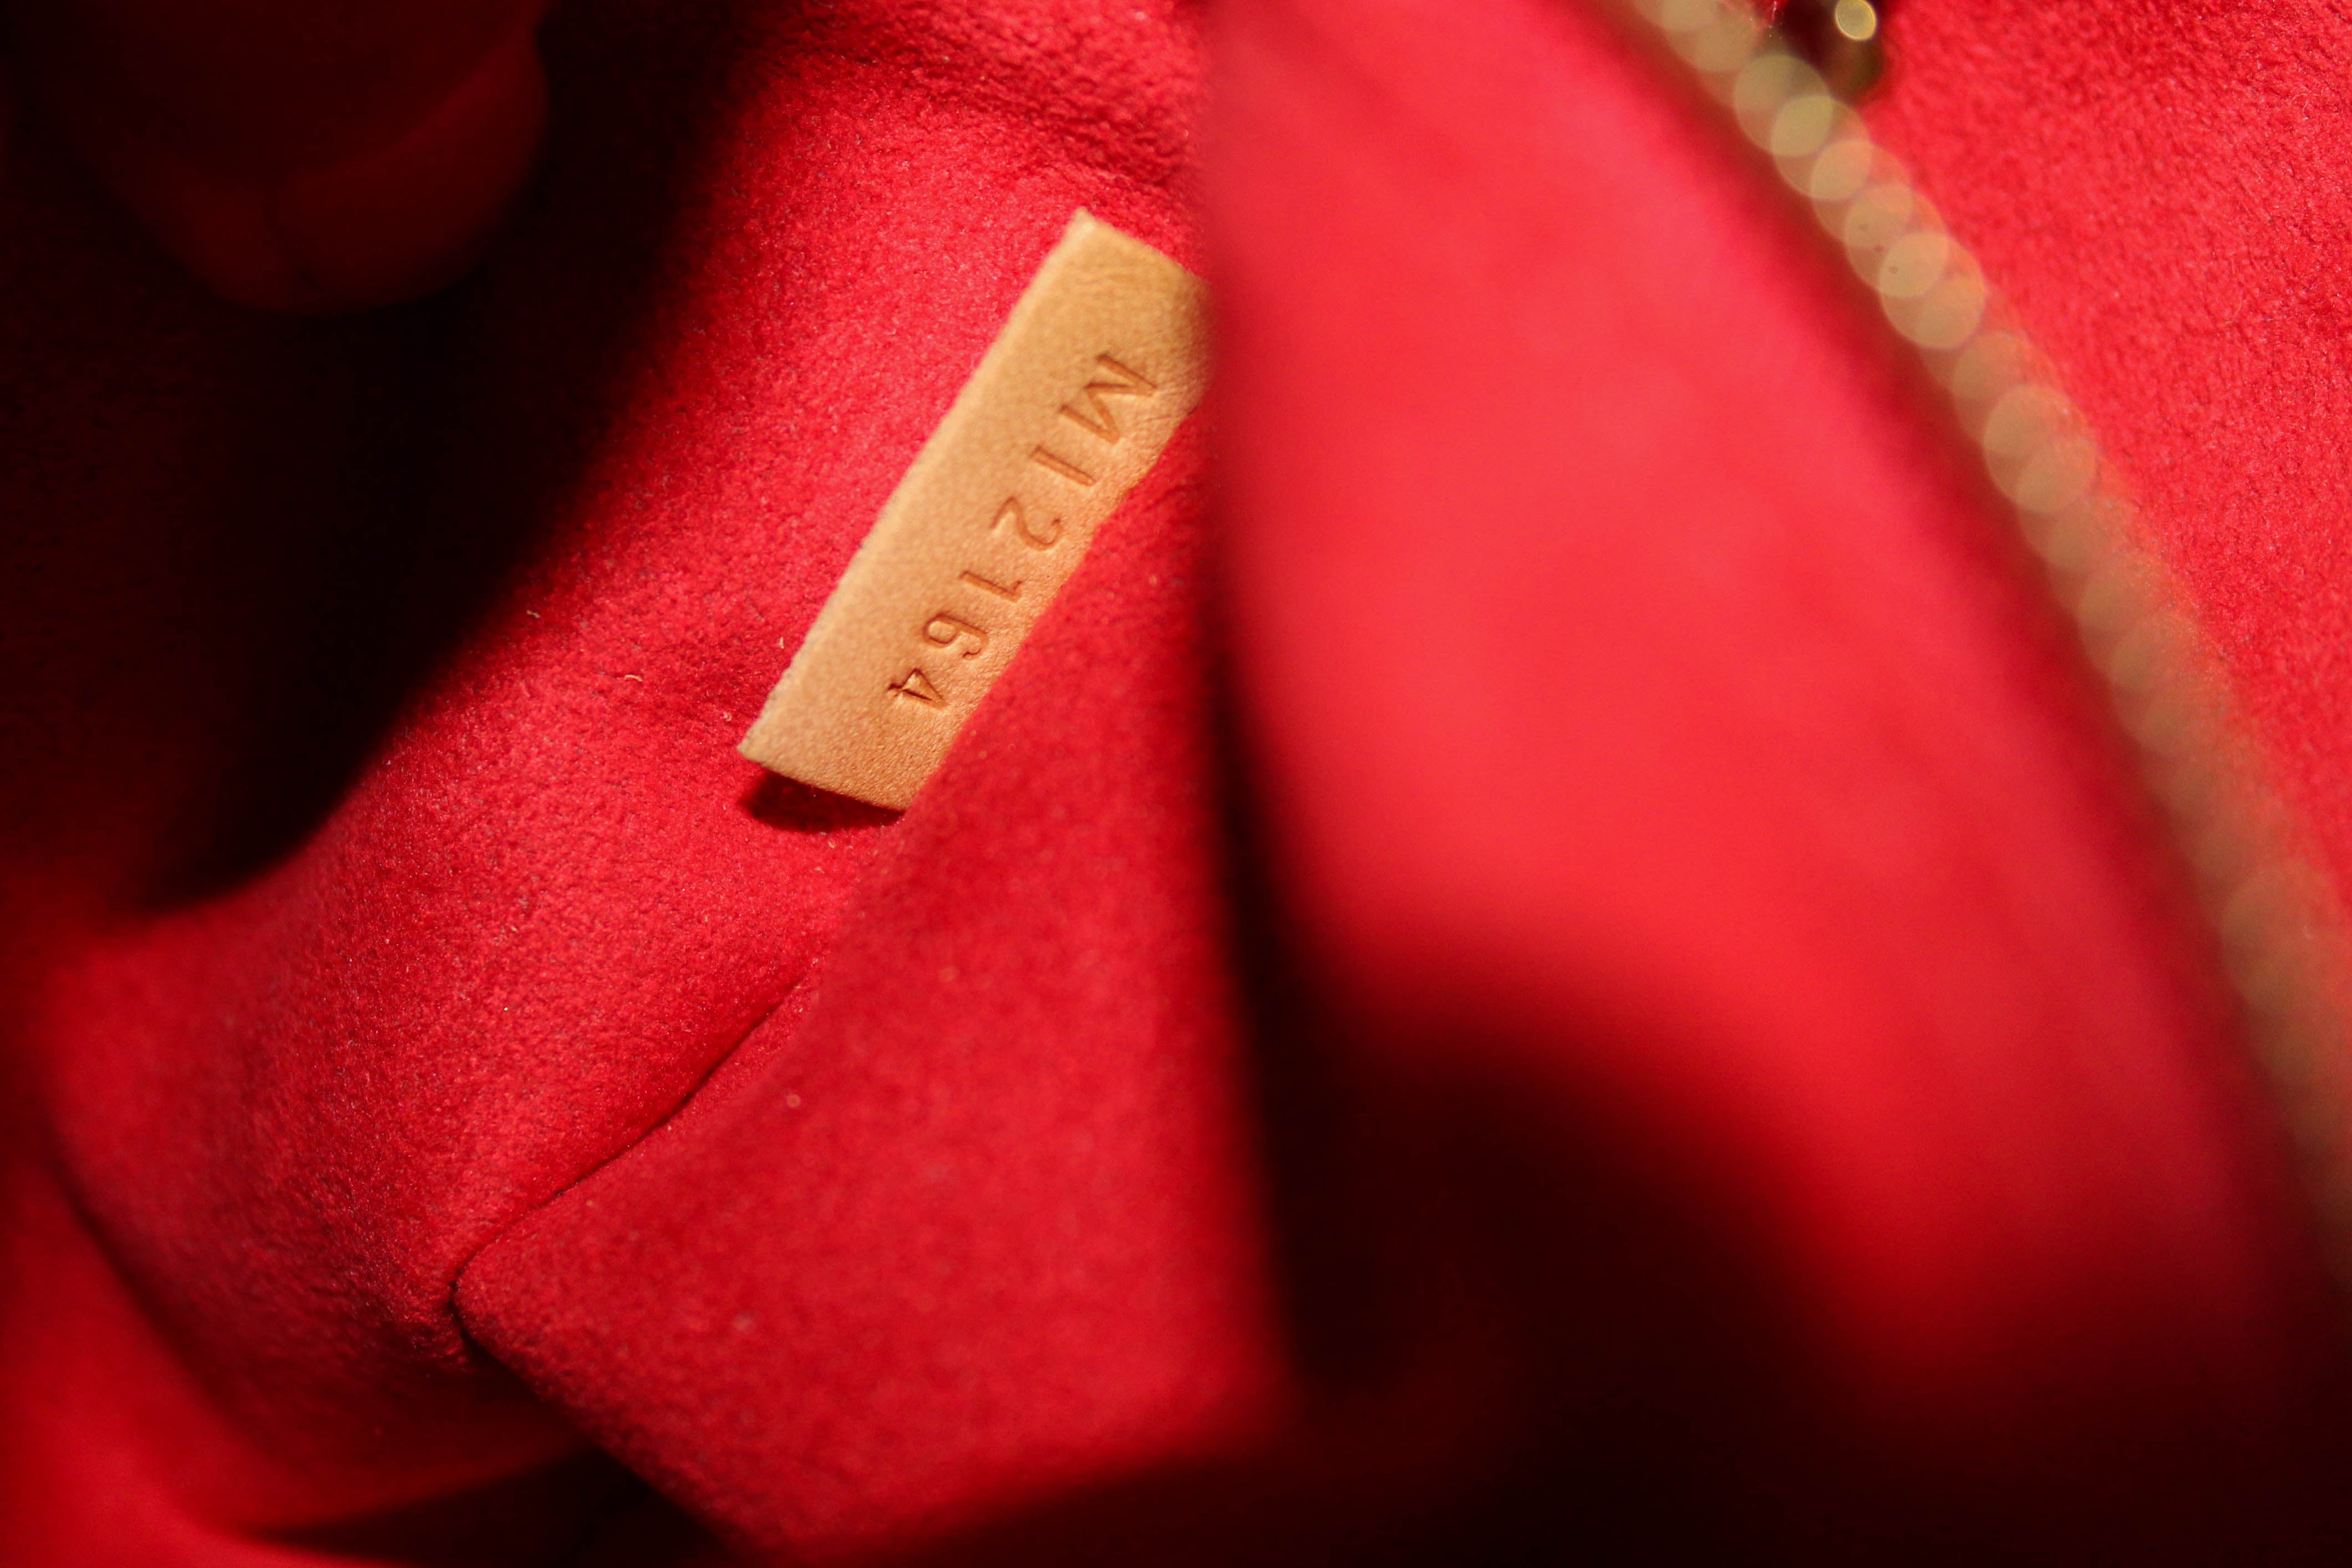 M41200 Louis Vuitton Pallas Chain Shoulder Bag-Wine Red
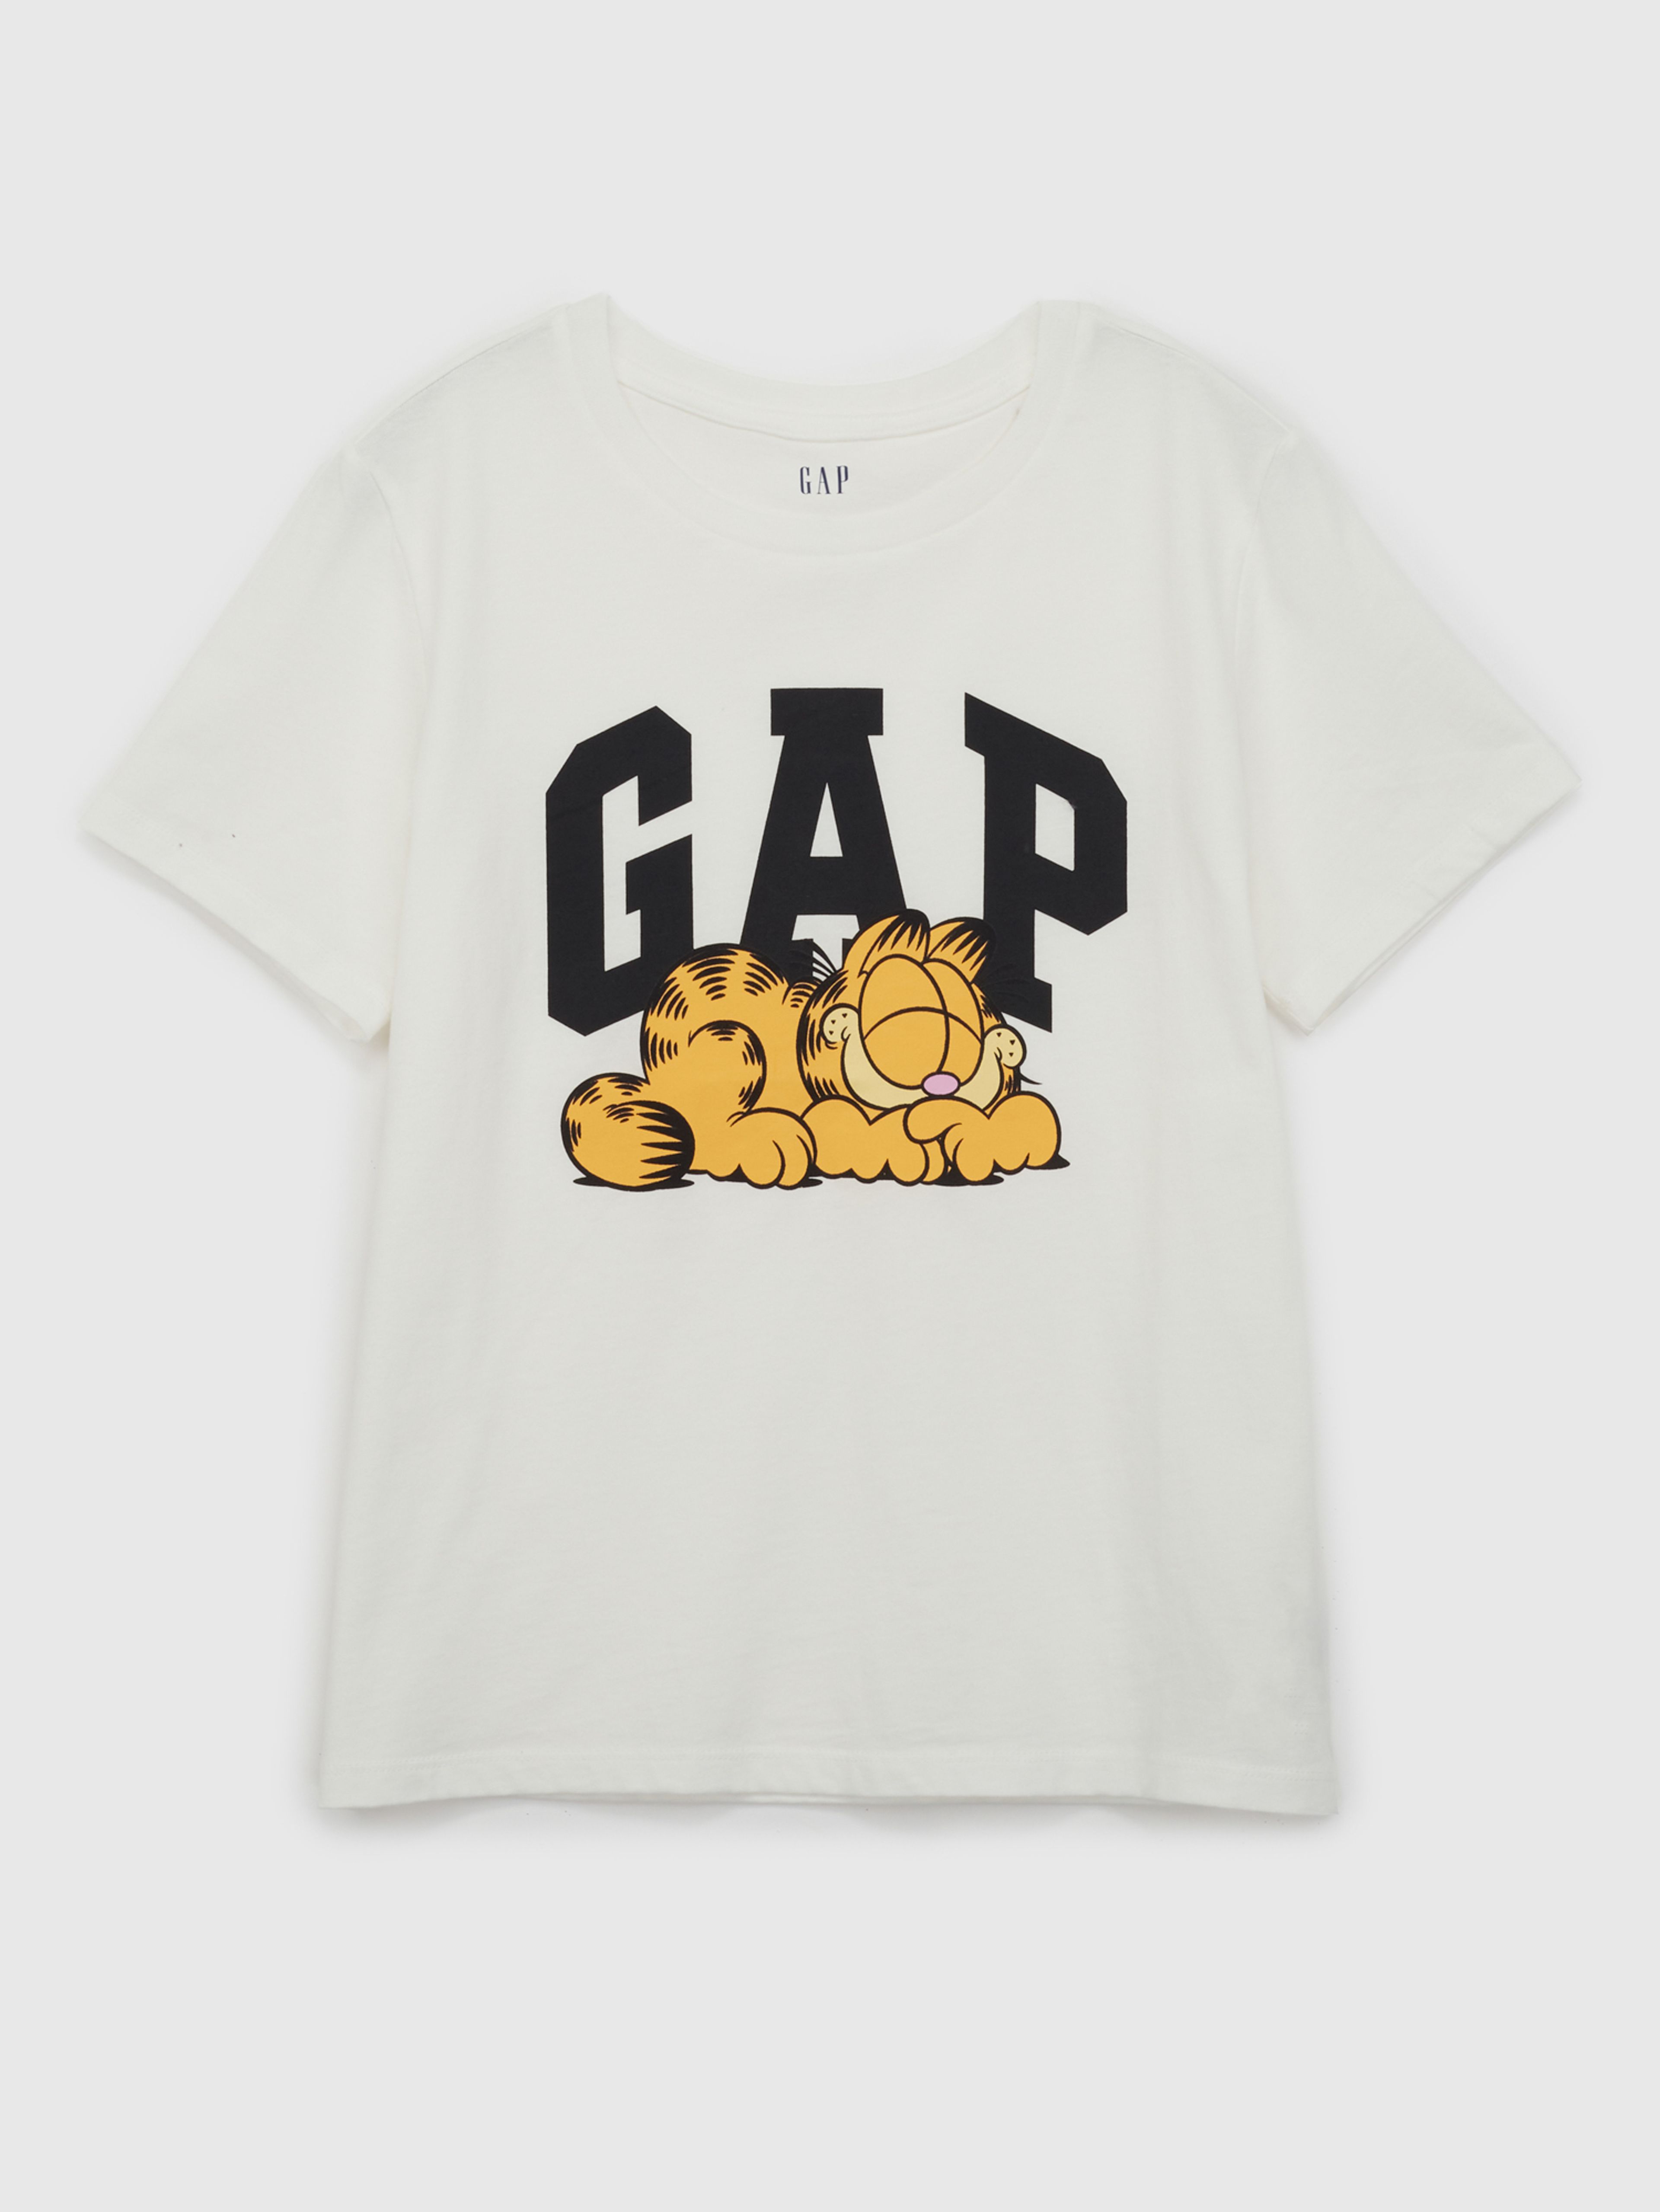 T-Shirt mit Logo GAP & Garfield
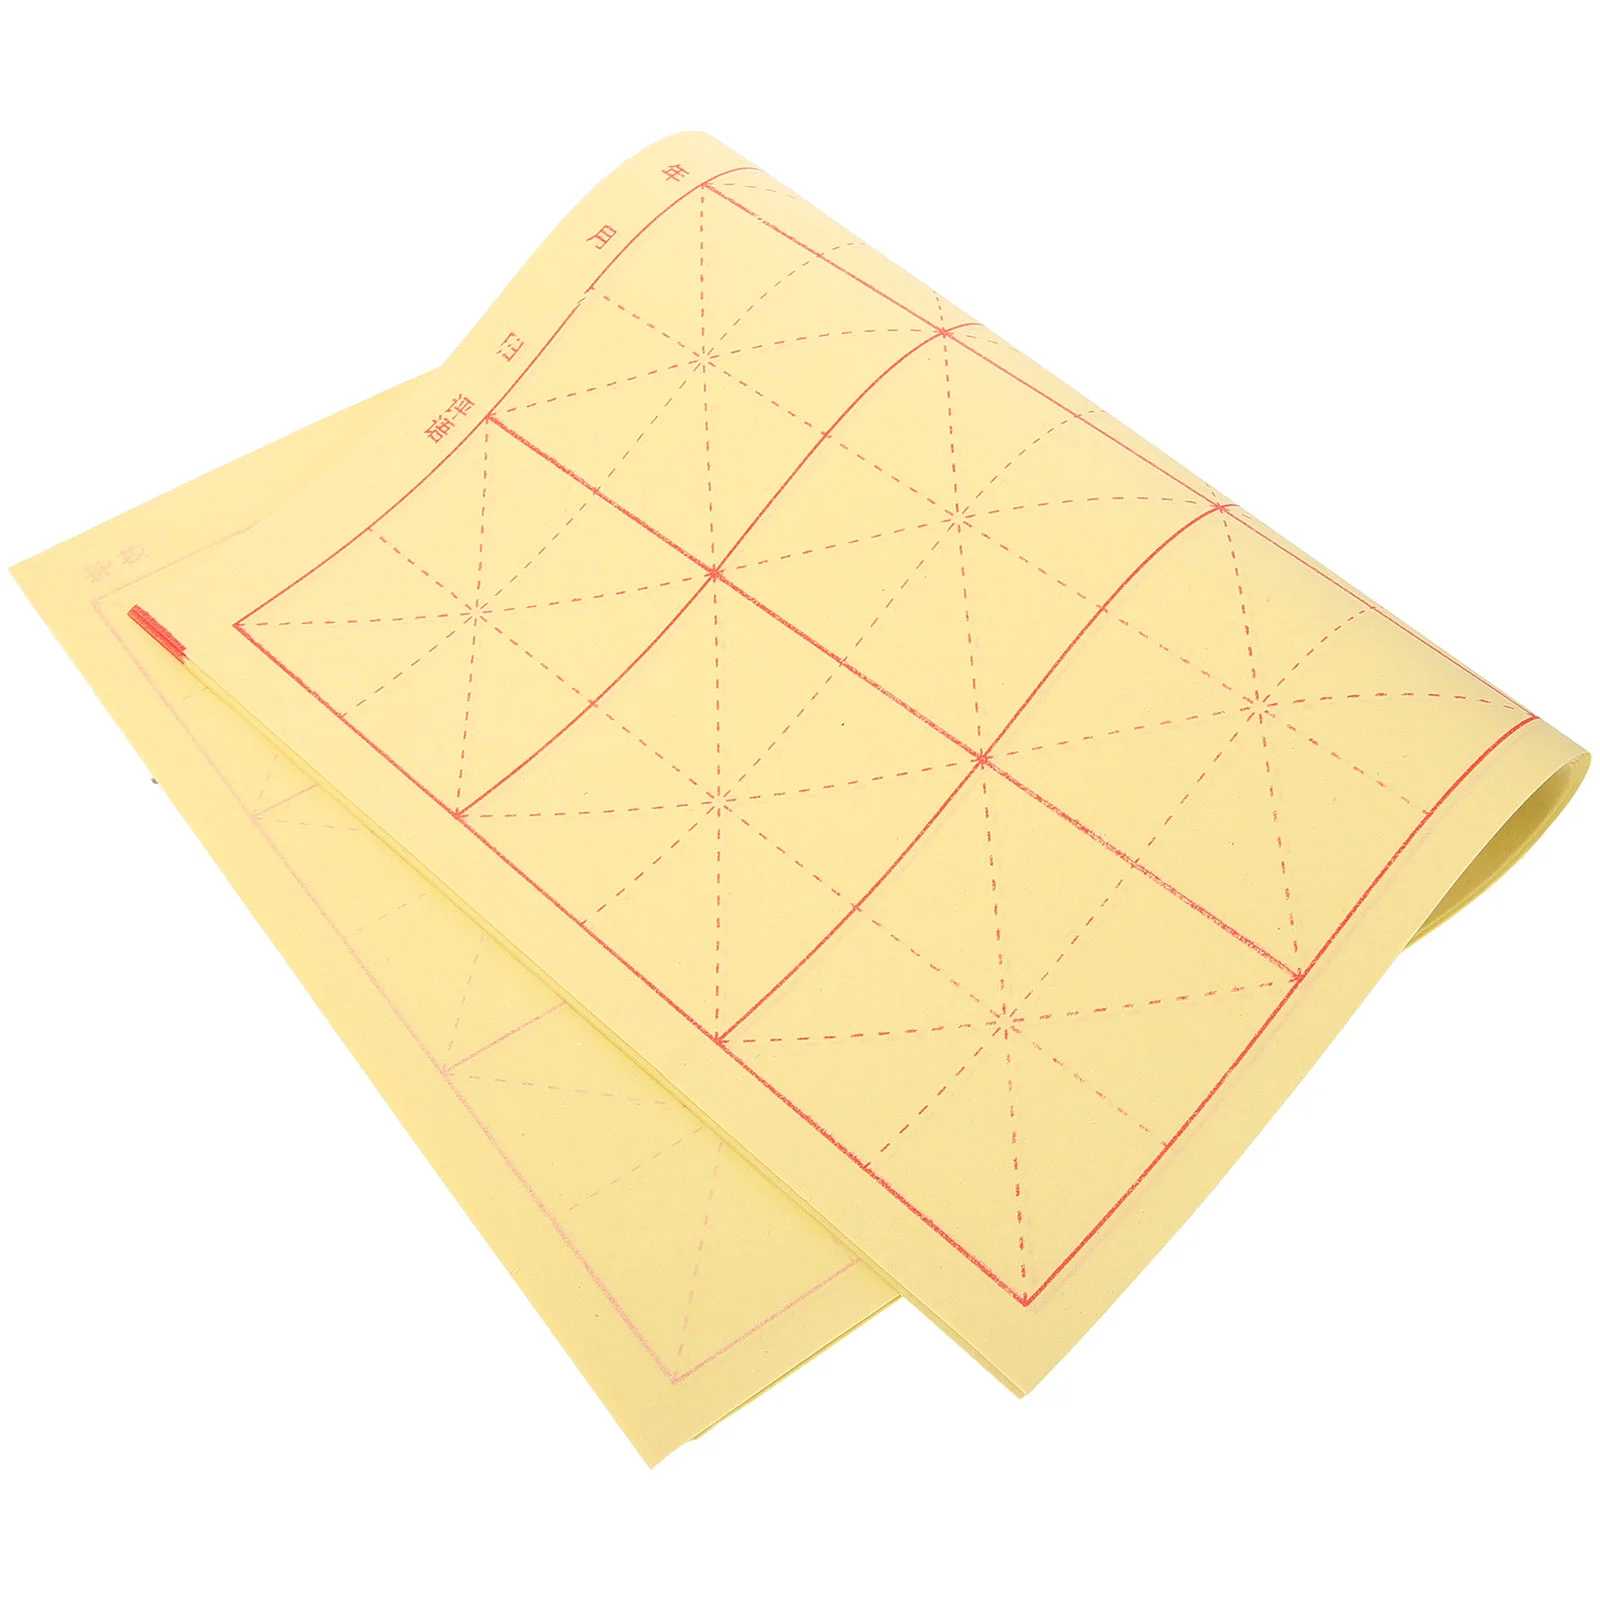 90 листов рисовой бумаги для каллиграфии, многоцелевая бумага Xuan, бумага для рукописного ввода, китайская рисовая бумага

== Work instruction ==
Set the listing above down again exactly, leaving pictures out.

== Solved problem ==
 M41200 Louis Vuitton Pallas Chain Shoulder Bag-Wine Red
 T-Shirt mit Logo GAP & Garfield
 90 листов рисовой бумаги для каллиграфии, многоцелевая бумага Xuan, бумага для рукописного ввода, китайская рисовая бумага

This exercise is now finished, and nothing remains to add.